Interplay between the Brassica napus phytoglobin (BnPgb1), folic acid, and antioxidant responses enhances plant tolerance to waterlogging

Oxygen deprivation by waterlogging reduces the productivity of several crop species, including the oil-producing crop Brassica napus L., which is highly sensitive to excess moisture. Among factors induced by oxygen deficiency are phytoglobins (Pgbs), heme-containing proteins known to ameliorate the response of plants to the stress. This study examined the early responses to waterlogging in B. napus plants over-expressing or down-regulating the class 1 (BnPgb1) and class 2 (BnPgb2) Pgbs. The depression of gas exchange parameters and plant biomass was exacerbated by the suppression of BnPgb1, while suppression of BnPgb2 did not evoke any changes. This suggests that natural occurring levels of BnPgb1 (but not BnPg2) are required for the response of the plants to waterlogging. Typical waterlogging symptoms, including the accumulation of reactive oxygen species (ROS) and the deterioration of the root apical meristem (RAM) were attenuated by over-expression of BnPgb1. These effects were associated with the activation of antioxidant system and the transcriptional induction of folic acid (FA).
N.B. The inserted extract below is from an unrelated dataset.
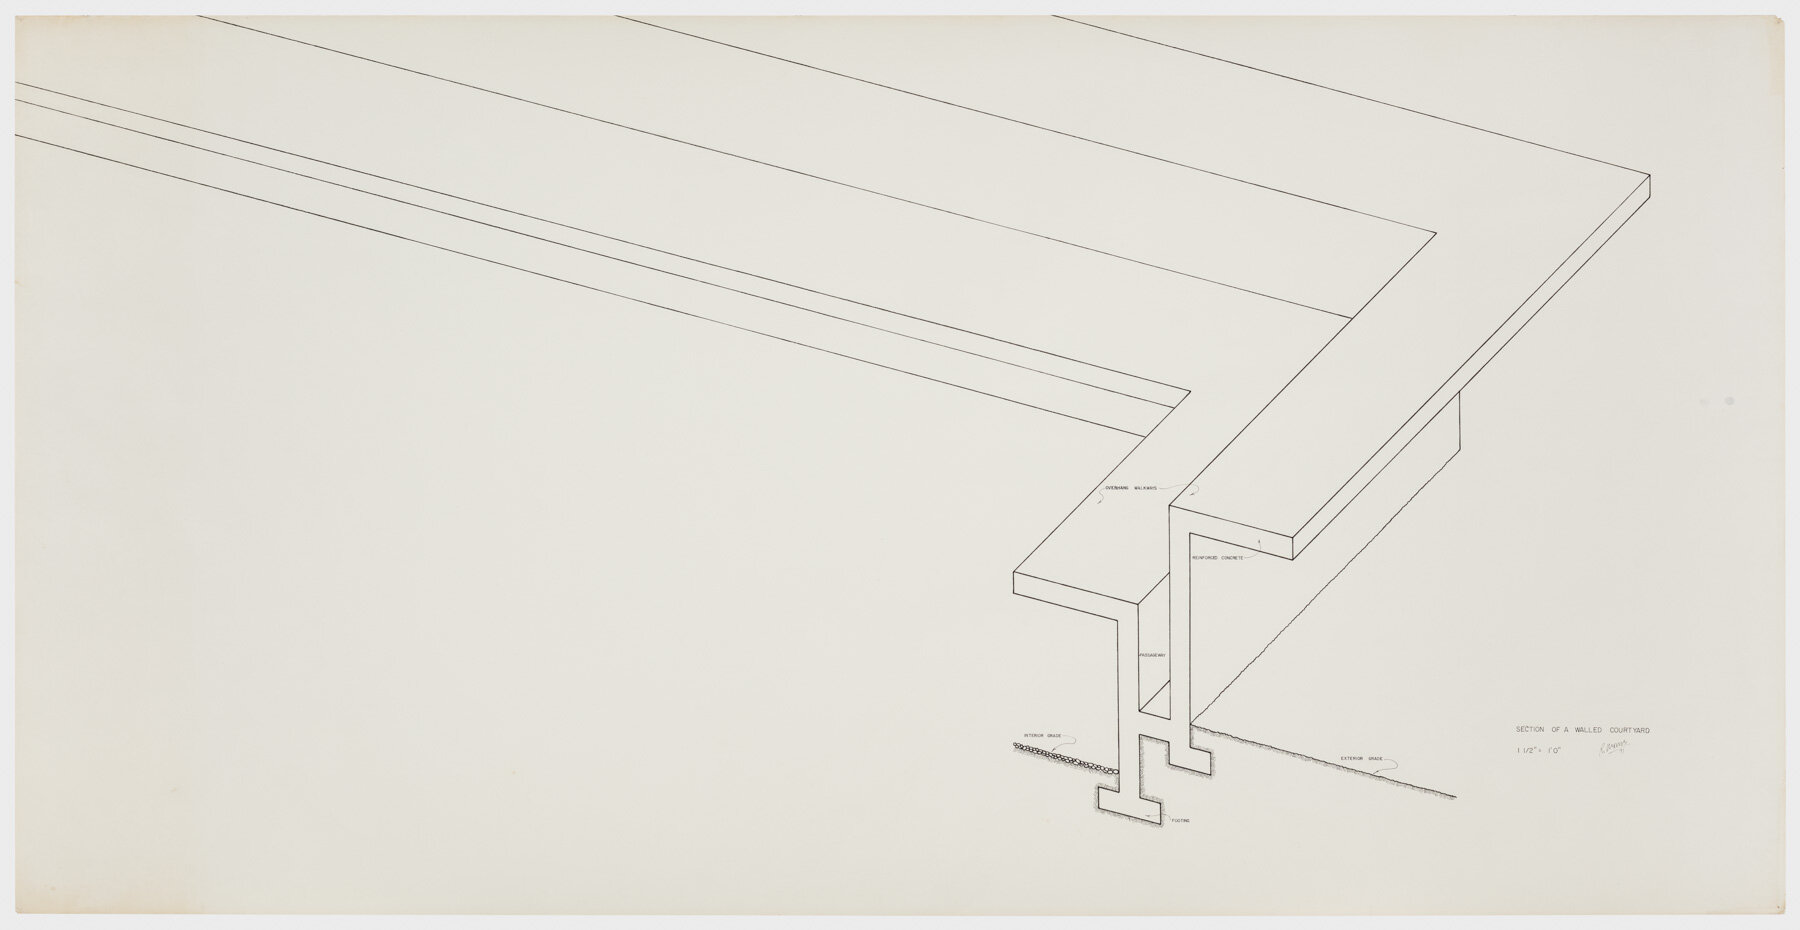  Robert Morris. Section of a Walled Courtyard, 1971. Ink on paper,42 x 84 in. (107 x 213 cm). Courtesy of Hunter College, The City University of New York. © 2019 The Estate of Robert Morris / Artists Rights Society (ARS), New York. Photo: Stan Narten

Pharmacological treatments revealed that high levels of FA were sufficient to revert the inhibitory effect of waterlogging, suggesting that the interplay between BnPgb1, antioxidant responses and FA might contribute to plant tolerance to waterlogging stress.

Automated summary

Oxygen deprivation caused by waterlogging reduces crop productivity, including the oil-producing crop Brassica napus L. This study investigated the early responses of B. napus plants to waterlogging by over-expressing or down-regulating class 1 (BnPgb1) and class 2 (BnPgb2) phytoglobins (Pgbs). Suppression of BnPgb1 exacerbated the decrease in gas exchange parameters and plant biomass, while suppression of BnPgb2 had no effect. Over-expression of BnPgb1 attenuated waterlogging symptoms and activated the antioxidant system and transcriptional induction of folic acid (FA), which could contribute to plant tolerance to waterlogging stress.